El reconocimiento de la hambruna, por tanto, no representa una alerta temprana. Es una admisión tardía. No marca el inicio de una fase crítica. Llega cuando esa fase ha sido superada. Denunciar el hambre ahora es posible porque ya no pone en riesgo nada. Porque el crimen se ha consolidado. Porque el proyecto genocida ha logrado sus objetivos estratégicos más inmediatos: expulsar, colapsar, desintegrar. Lo que hoy se permite decir no es que Gaza está en peligro. Es que ya ha sido destruida.
La hambruna que devasta Gaza no es producto del azar. Es una técnica. No solo porque Israel haya bloqueado la entrada de alimentos y bombardeado deliberadamente infraestructuras de distribución, manteniendo a aquellas sobre las que sus soldados siguen disparando, o en donde plantar productos tóxicos.
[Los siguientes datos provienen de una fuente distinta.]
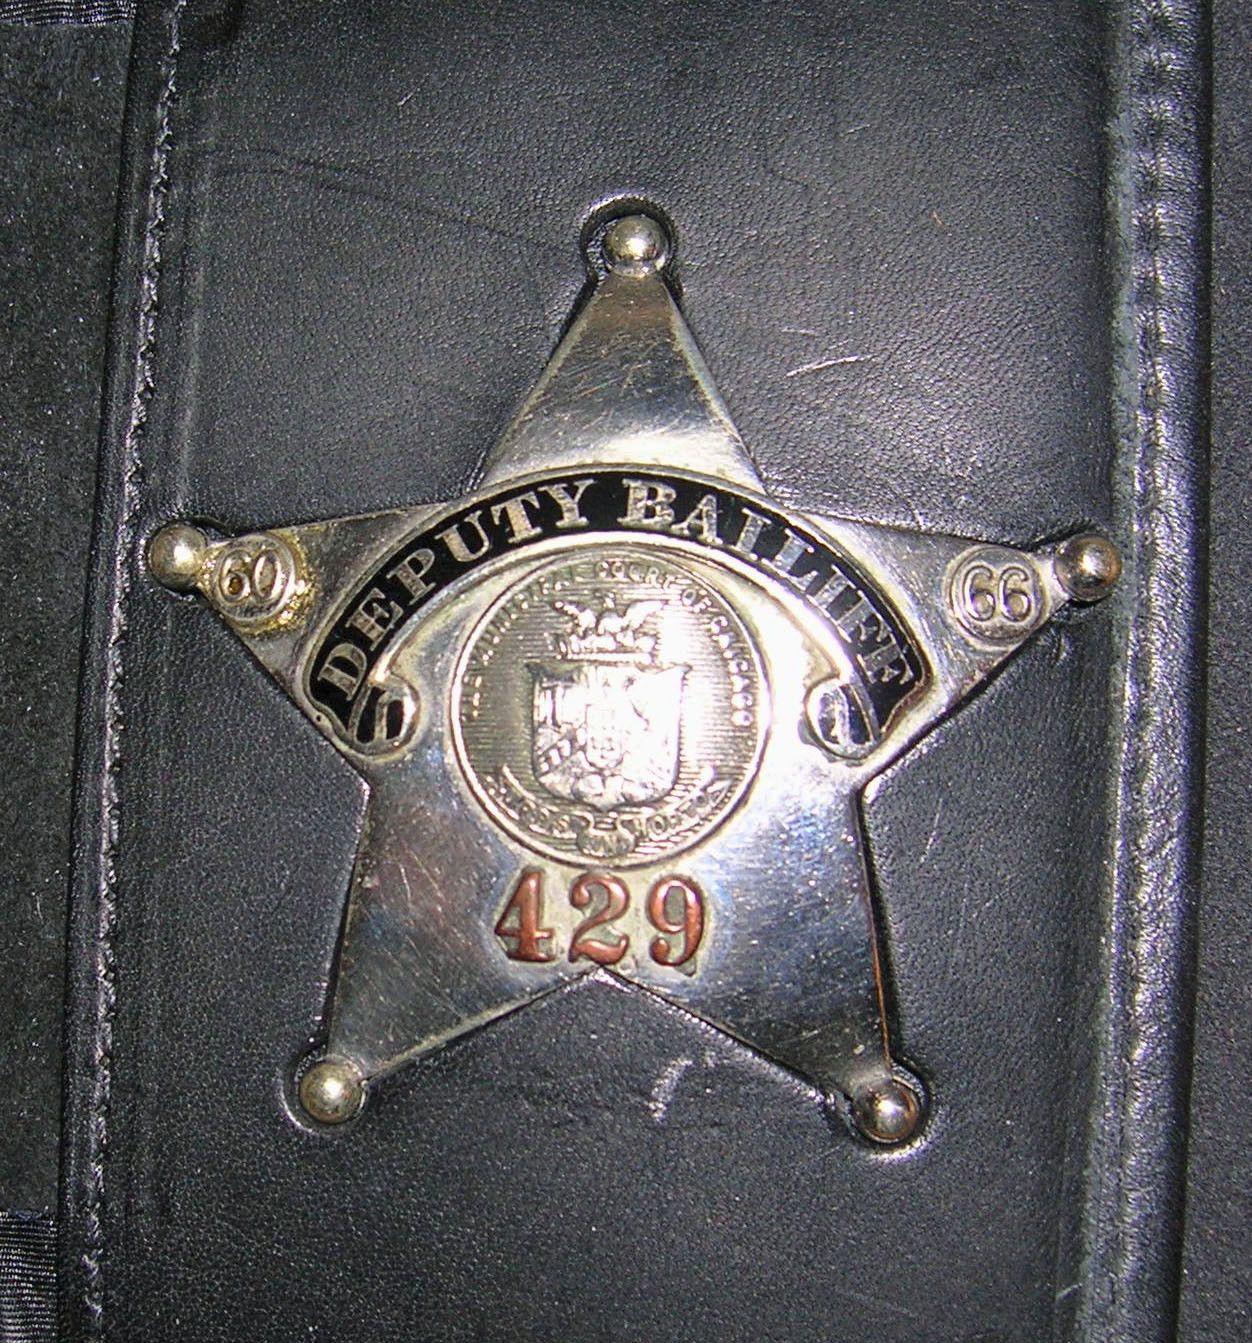 Deputy Bailiff, Court of Chicago (C H Hanson)   Police/Law

También porque el hambre es un arma de descomposición, una forma de control que destruye no solo cuerpos, sino vínculos sociales, normas compartidas y horizontes comunes. El hambre hace competir, desconfiar, aislarse. Transforma cada día de vida en una guerra por la supervivencia individual. Rompe la posibilidad de cuidar, organizar, transmitir.
Jean Ziegler lo resumía así en su mandato como relator especial de Naciones Unidas: el hambre no es una fatalidad, es una violencia organizada. Y Alex de Waal, que ha estudiado las hambrunas provocadas como instrumentos de poder, subraya que la inanición deliberada no solo mata, sino que produce un tipo de muerte que debilita la capacidad misma de contar, de dejar memoria, de reclamar reparación. El hambre disuelve lo común.
En Gaza, este proceso ha alcanzado un grado que la comunidad internacional parece ahora dispuesta a admitir, pero solo una vez que ya no queda nada que preservar. Durante casi dos años, y asimismo a lo largo de décadas, se discutió si los bombardeos eran proporcionales. Hoy, cuando los cuerpos se apagan sin necesidad de explosivos, se admite el colapso. El lenguaje humanitario se hace aún más intenso justo cuando ya no hay estructuras comunitarias que salvar. El hambre, como forma de exterminio lento, permite representar el crimen sin enfrentar su lógica. Por eso es tolerable. Porque el hambre se puede mostrar sin señalar. Se puede nombrar sin implicar. Se puede compadecer sin interrumpir.
Gaza no es una tragedia. Es un crimen. No es una catástrofe humanitaria. Es un genocidio ejecutado a plena luz del día, con técnicas contemporáneas de exterminio: cerco, inanición, control informacional, colapso planificado. Y, sobre todo, con la cobertura de una comunidad internacional que no ha fallado, sino que ha actuado conforme a su diseño.
La tarea ahora no es solo enviar ayuda. Es impedir que el relato final lo escriban quienes colaboraron con el crimen. Es evitar que dentro de unos años se diga que fue un error. Que fue excesivo. Que fue lamentable. Lo que está en juego no es solo la vida de quienes aún resisten. Es también la posibilidad de que esa vida haya significado algo. Que no sea borrada como una cifra. Que no sea convertida en estadística, en nota al pie, en episodio inevitable.
El genocidio no terminará cuando dejen de caer bombas o entre más ayuda humanitaria. Seguramente tampoco cuando acabe esta fase de la guerra contra Palestina. Terminará cuando se rompa su narrativa. Cuando se nombren sus cómplices. Cuando se exija responsabilidad. Cuando se garantice que nunca más se utilizará la compasión como forma de cierre. Esa es la tarea. Y quizás todavía estemos a tiempo. Y, sobre todo, tenemos la responsabilidad moral de seguir luchando por ello.